**Data to use:**
┌──

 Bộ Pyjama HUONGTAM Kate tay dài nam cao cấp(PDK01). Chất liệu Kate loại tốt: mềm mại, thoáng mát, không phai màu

└──
┌──

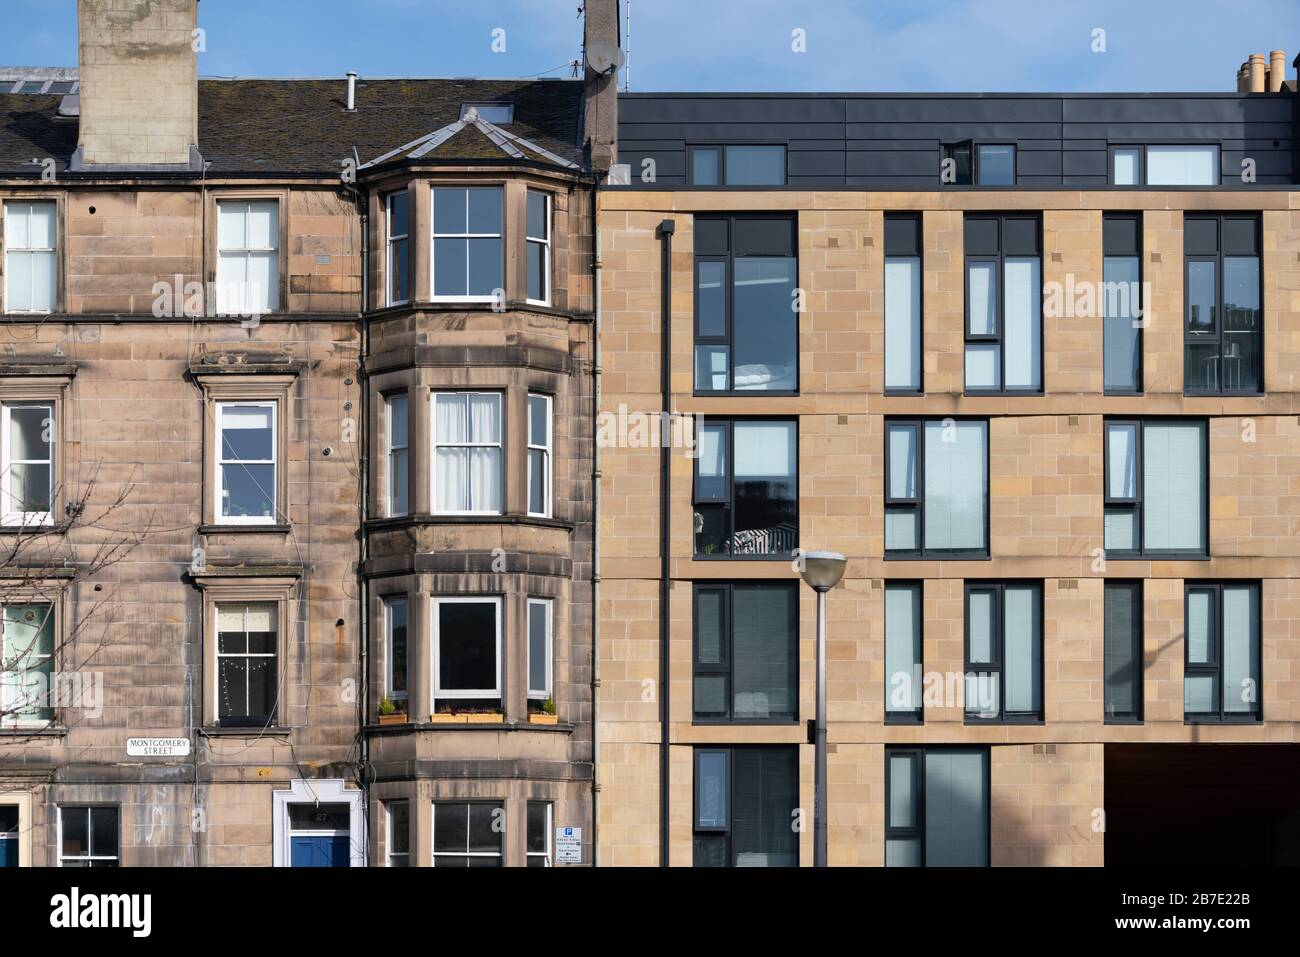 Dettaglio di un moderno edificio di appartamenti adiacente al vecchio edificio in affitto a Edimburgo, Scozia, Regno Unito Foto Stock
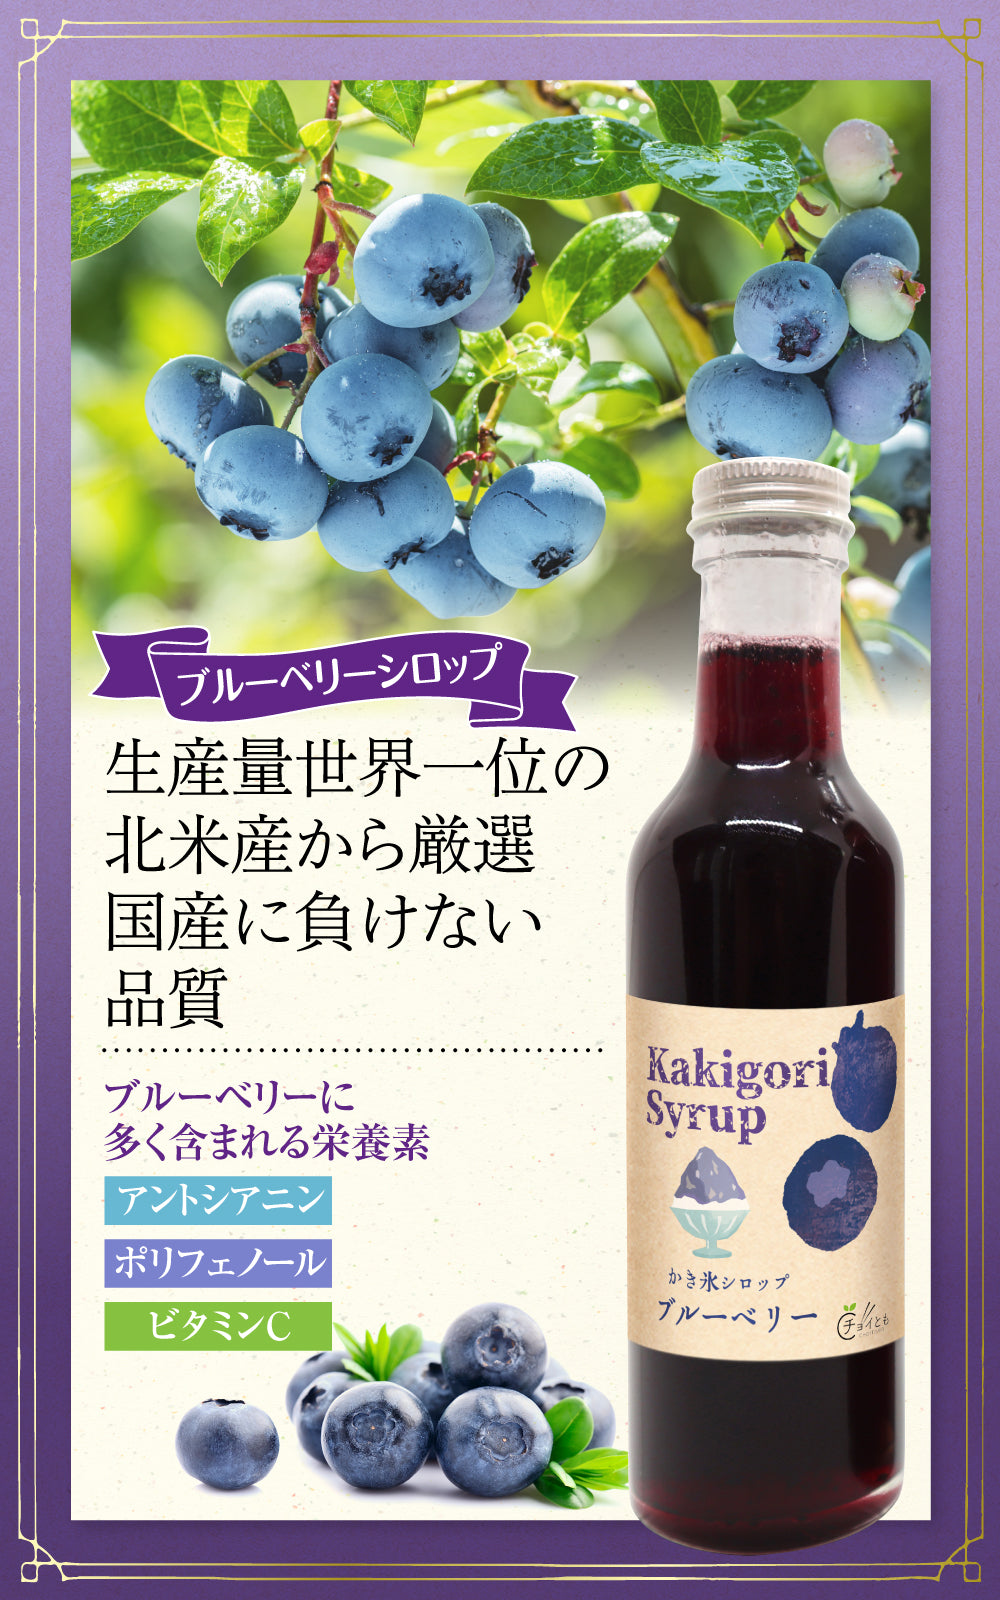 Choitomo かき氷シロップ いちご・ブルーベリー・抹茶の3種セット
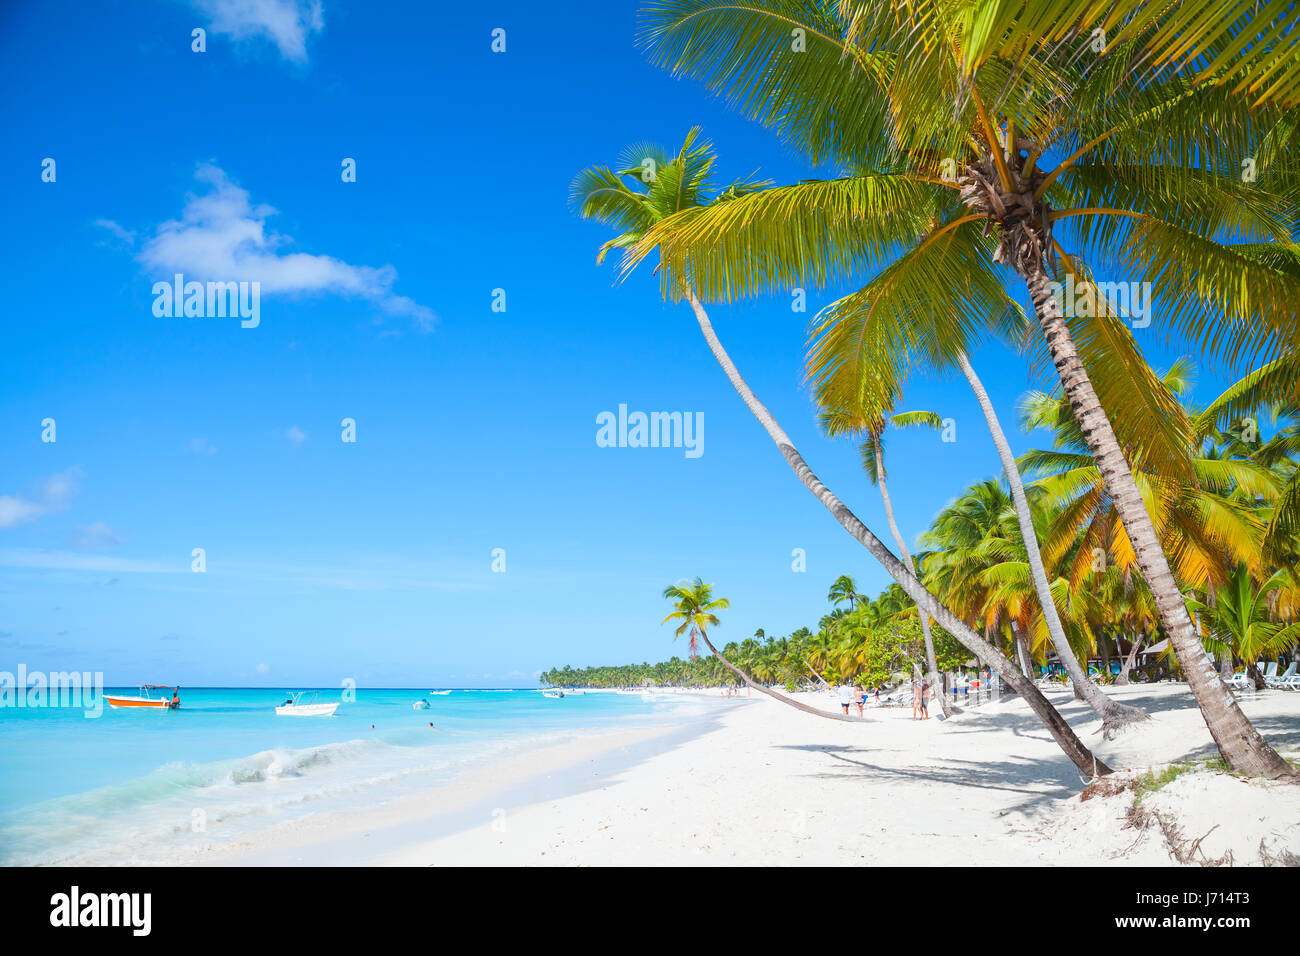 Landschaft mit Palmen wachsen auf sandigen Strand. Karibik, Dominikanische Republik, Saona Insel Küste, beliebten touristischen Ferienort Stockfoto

└──
┌──

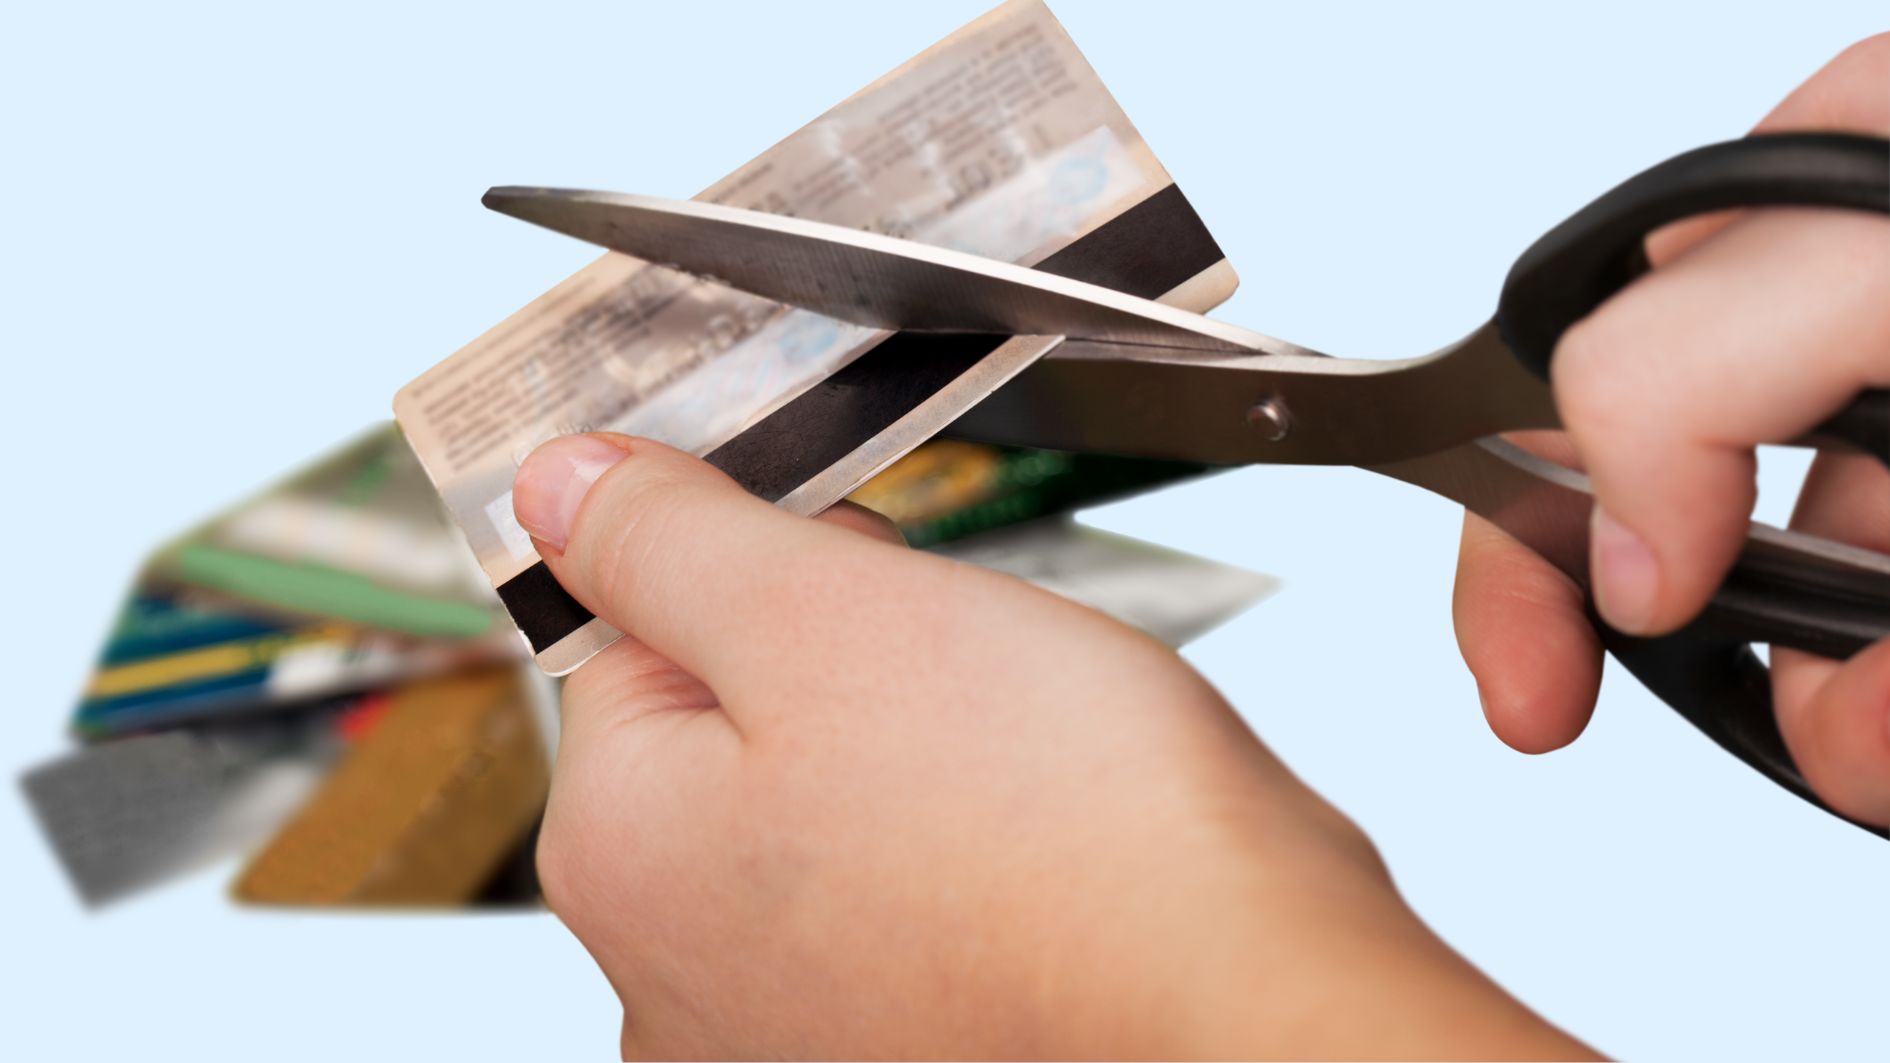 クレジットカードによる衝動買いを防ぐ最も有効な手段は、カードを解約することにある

└──

Above are records with pictures. Reproduce exactly only the lines from the line with "Dettaglio di un" through the line with "Landschaft mit Palmen", both ends included, and leave the pictures out.

**Task solution:**
 Dettaglio di un moderno edificio di appartamenti adiacente al vecchio edificio in affitto a Edimburgo, Scozia, Regno Unito Foto Stock
 Choitomo かき氷シロップ いちご・ブルーベリー・抹茶の3種セット
 Landschaft mit Palmen wachsen auf sandigen Strand. Karibik, Dominikanische Republik, Saona Insel Küste, beliebten touristischen Ferienort Stockfoto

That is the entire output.